However, she got disappointed when, on first day of class, she learnt that all her 45 classmates were in the same boat. Though attending evening classes, none have jobs and have never worked. With such odds in mind, it is little surprise that many students at universities these days look to studies not as a path to a career, but a temporary shelter from Zimbabwe’s unforgiving labour market.

“I am seriously thinking of dropping out of my studies,” she said, angry and resigned at the same time.

Convinced that the future is bleak, Tendai now deliberately misses a lot of her classes despite having spent tuition fees of US$1 600, money that she had borrowed. Instead, she now spends most of her time between her mobile phone market in Avondale, and tending to her sick mother.

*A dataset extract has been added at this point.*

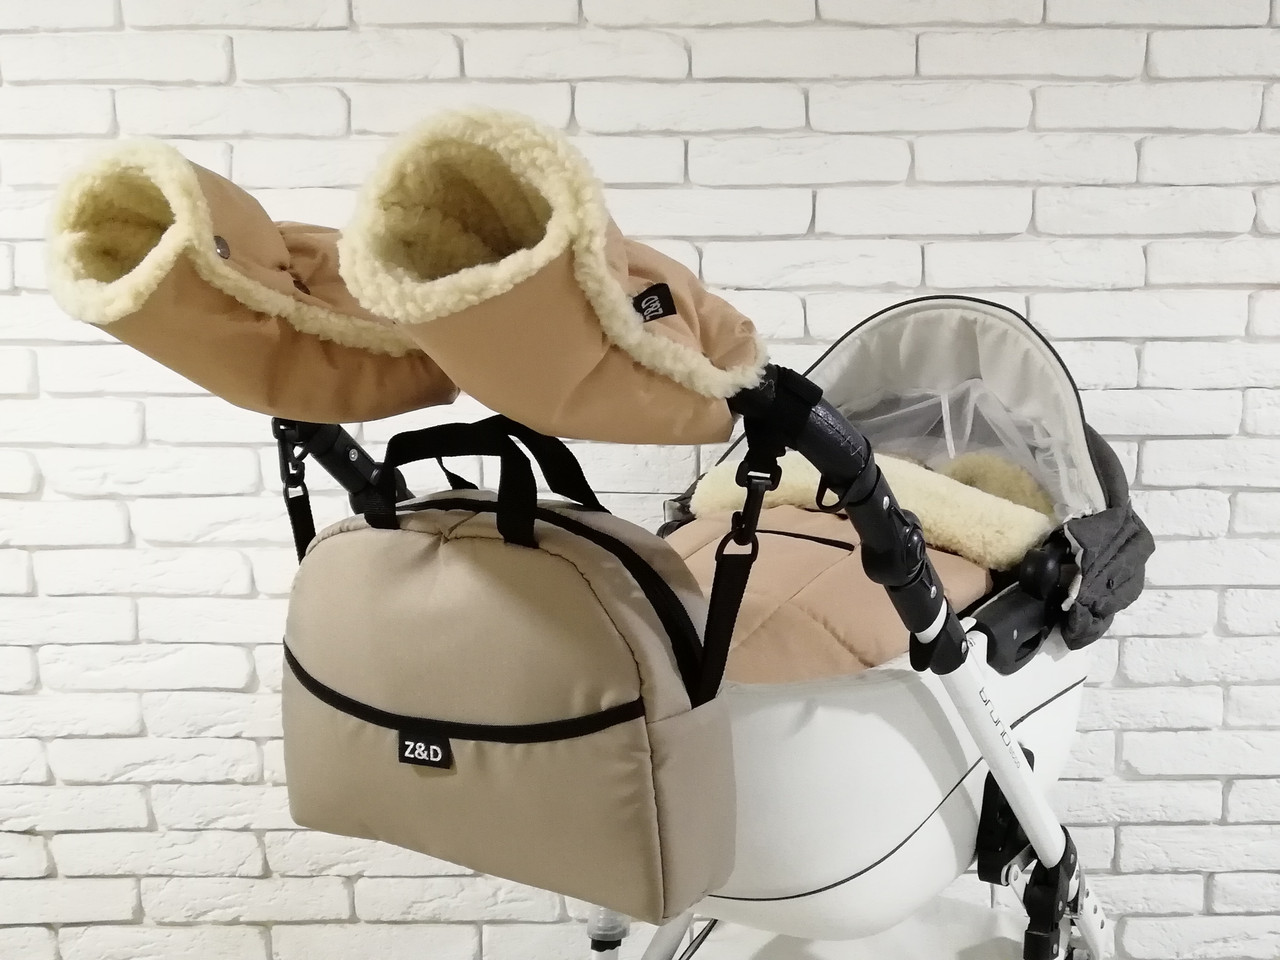 Комплект зимний Конверт, рукавички и сумка Z&D New (Бежевый)

In her early 30s, plans such as marriage and having children have to wait. She still claims to be a Zanu PF supporter, but one could sense a dry brittleness in the confidence as she talks about the ruling party. Like thousands others in her predicament, it appears that her support for the ruling party has started to splinter.
Tendai says she is not going anywhere.

“Leaving is like a defeat. I will wait it out,” she picks up a phone, answers a phone call and waves goodbye. She had earlier on said that she was waiting for a call from her ill mother. She had to go and pick her up from her brother in Budiriro who had taken the burden to tend to her for that week.

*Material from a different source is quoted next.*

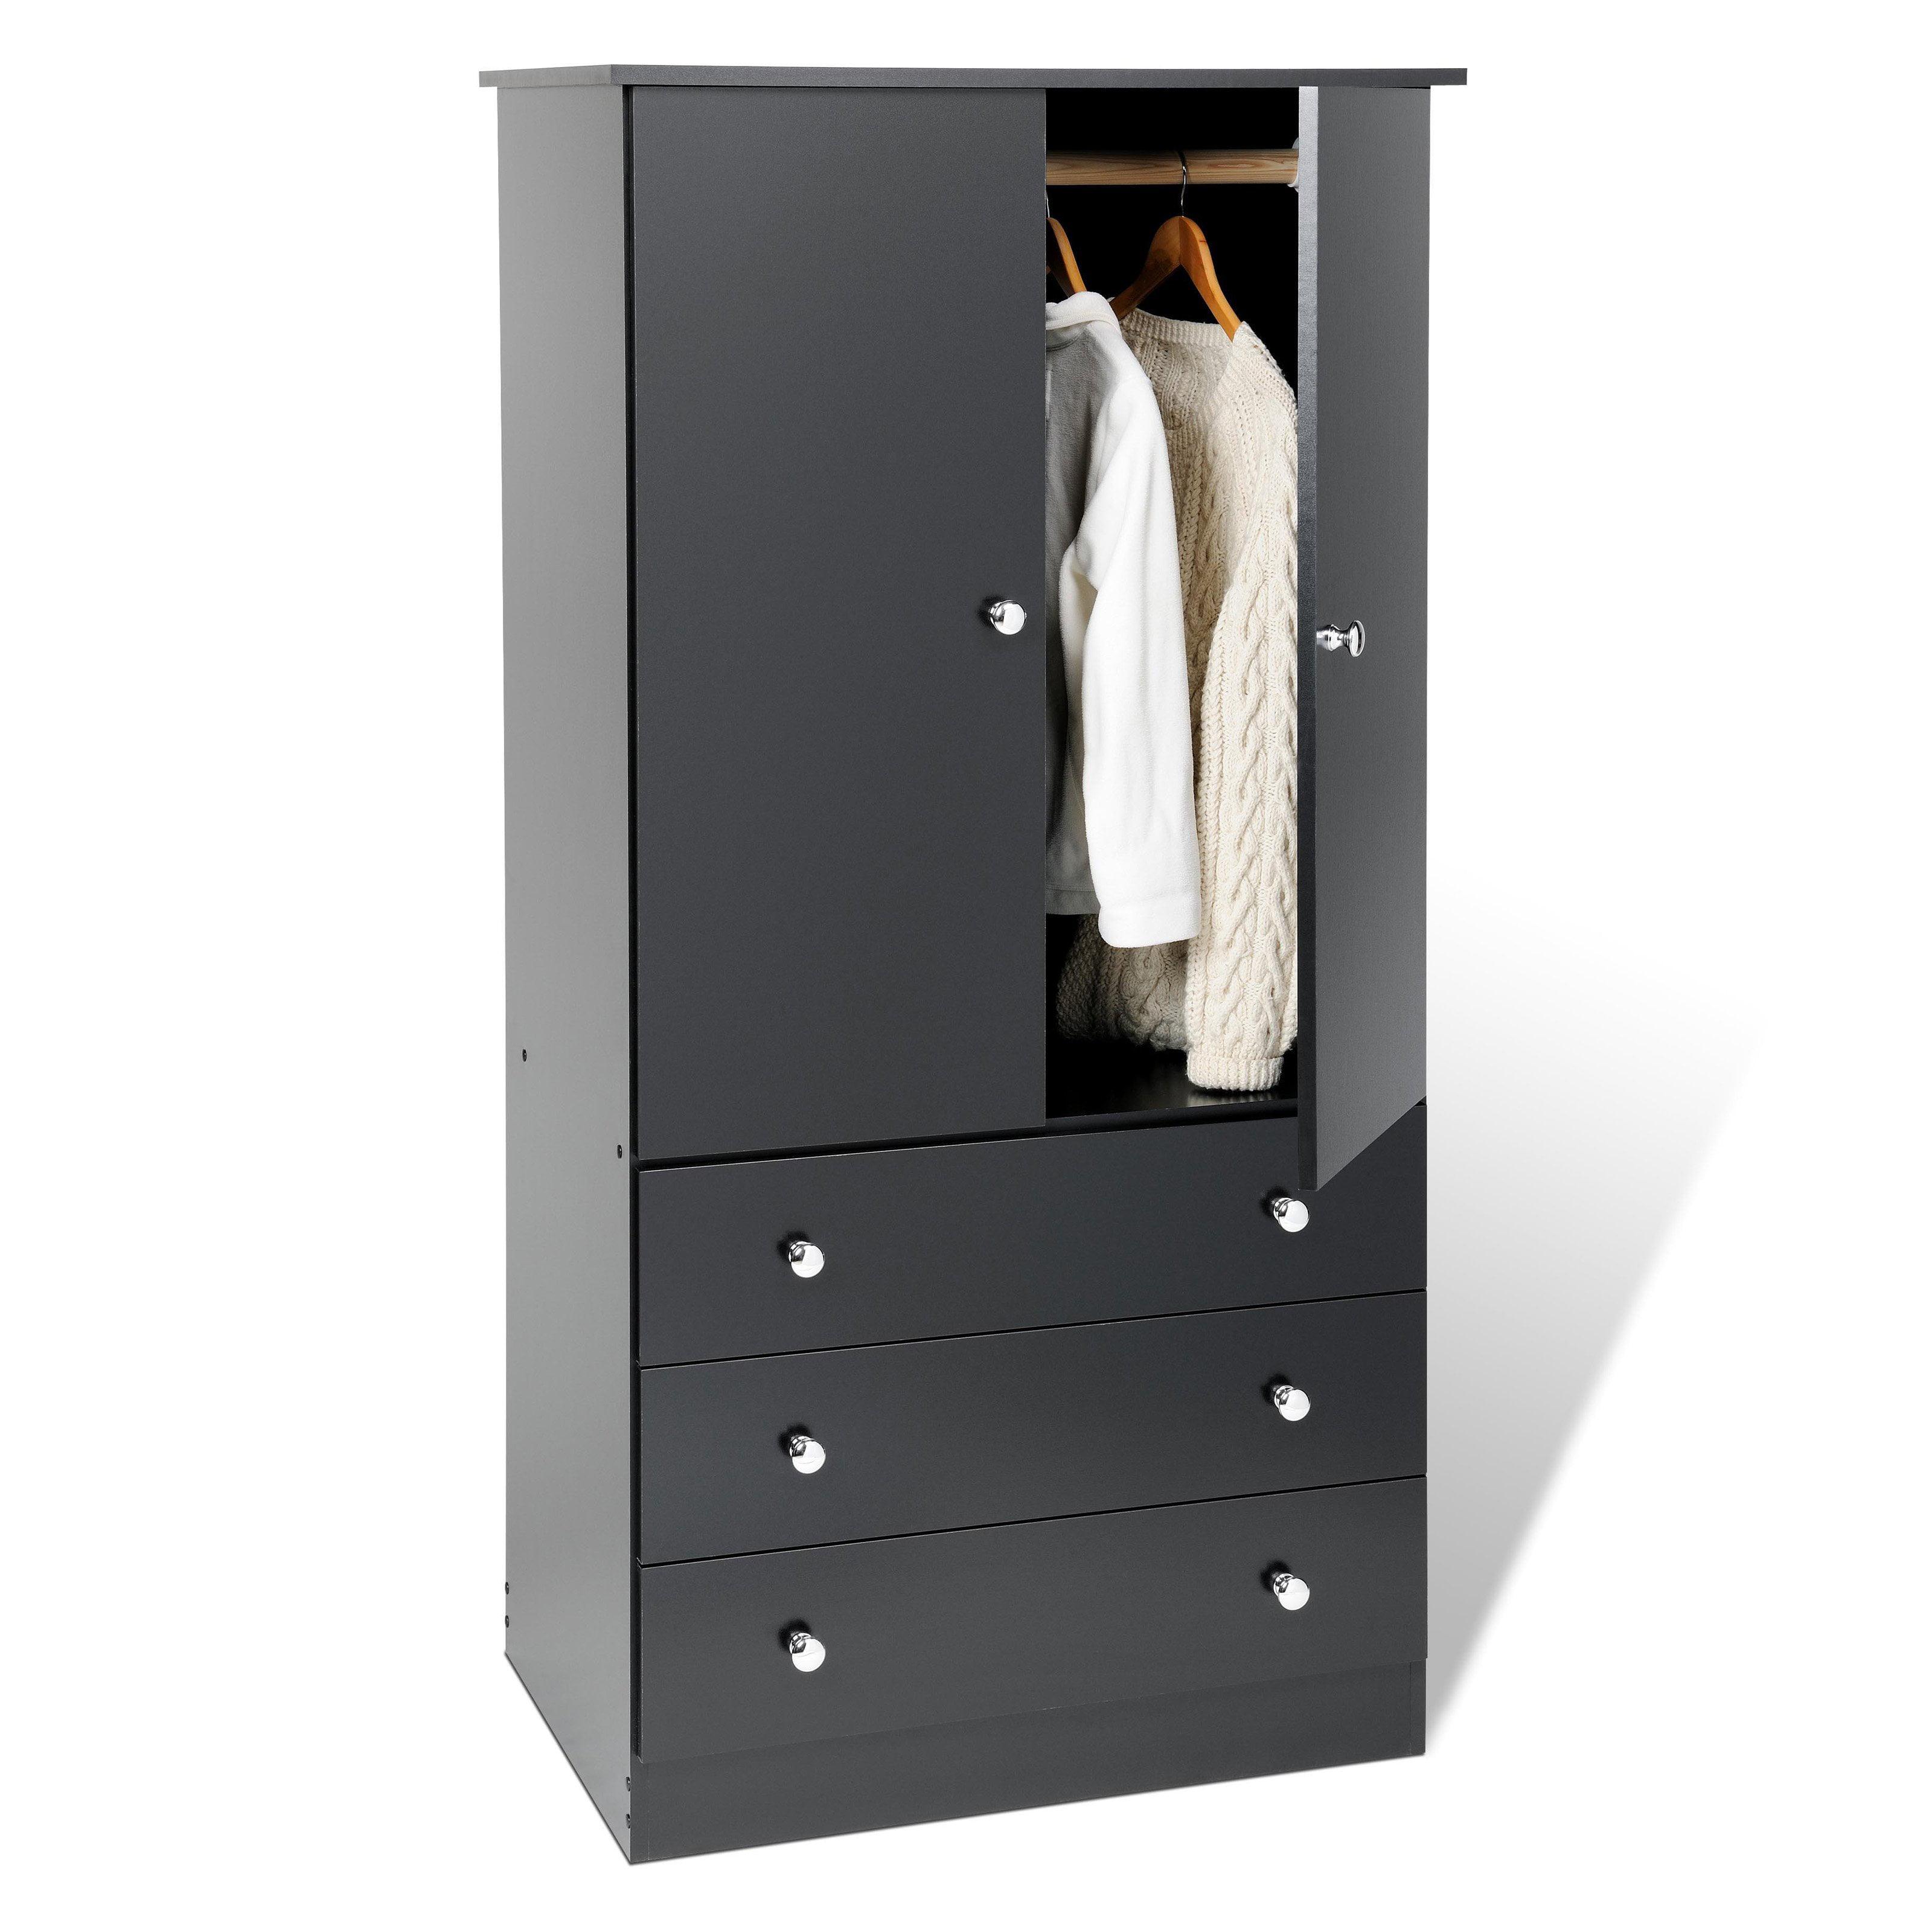 Prepac Edenvale Bedroom Wardrobe Armoire   Walmart.com

Though personal, Tom and Mutare’s stories broadly reflect a serious problem plaguing our nation.

Unemployment crisis! What crisis?
The high levels of unemployment that Zimbabwe is experiencing are the sort that usually devastates nations. But the government’s attitude towards national youth unemployment has been lukewarm. Indeed, there is no palpable feeling amongst our politicians that youth unemployment is a serious problem.

Of course here and there, marginal legislators such as Joseph Chinotimba (MP Buhera South) occasionally raise the issue in parliament and public forums. But these are lone voices.

More often, politicians such Chinotimba are dismissed as jokers, even by fellow comrades. Why is there such a disconnect, and also why is there a public repression to understanding youth unemployment as a crisis?

Understandably, crisis is not part of the rhetoric that politicians like to employ to describe difficult situations such as unemployment.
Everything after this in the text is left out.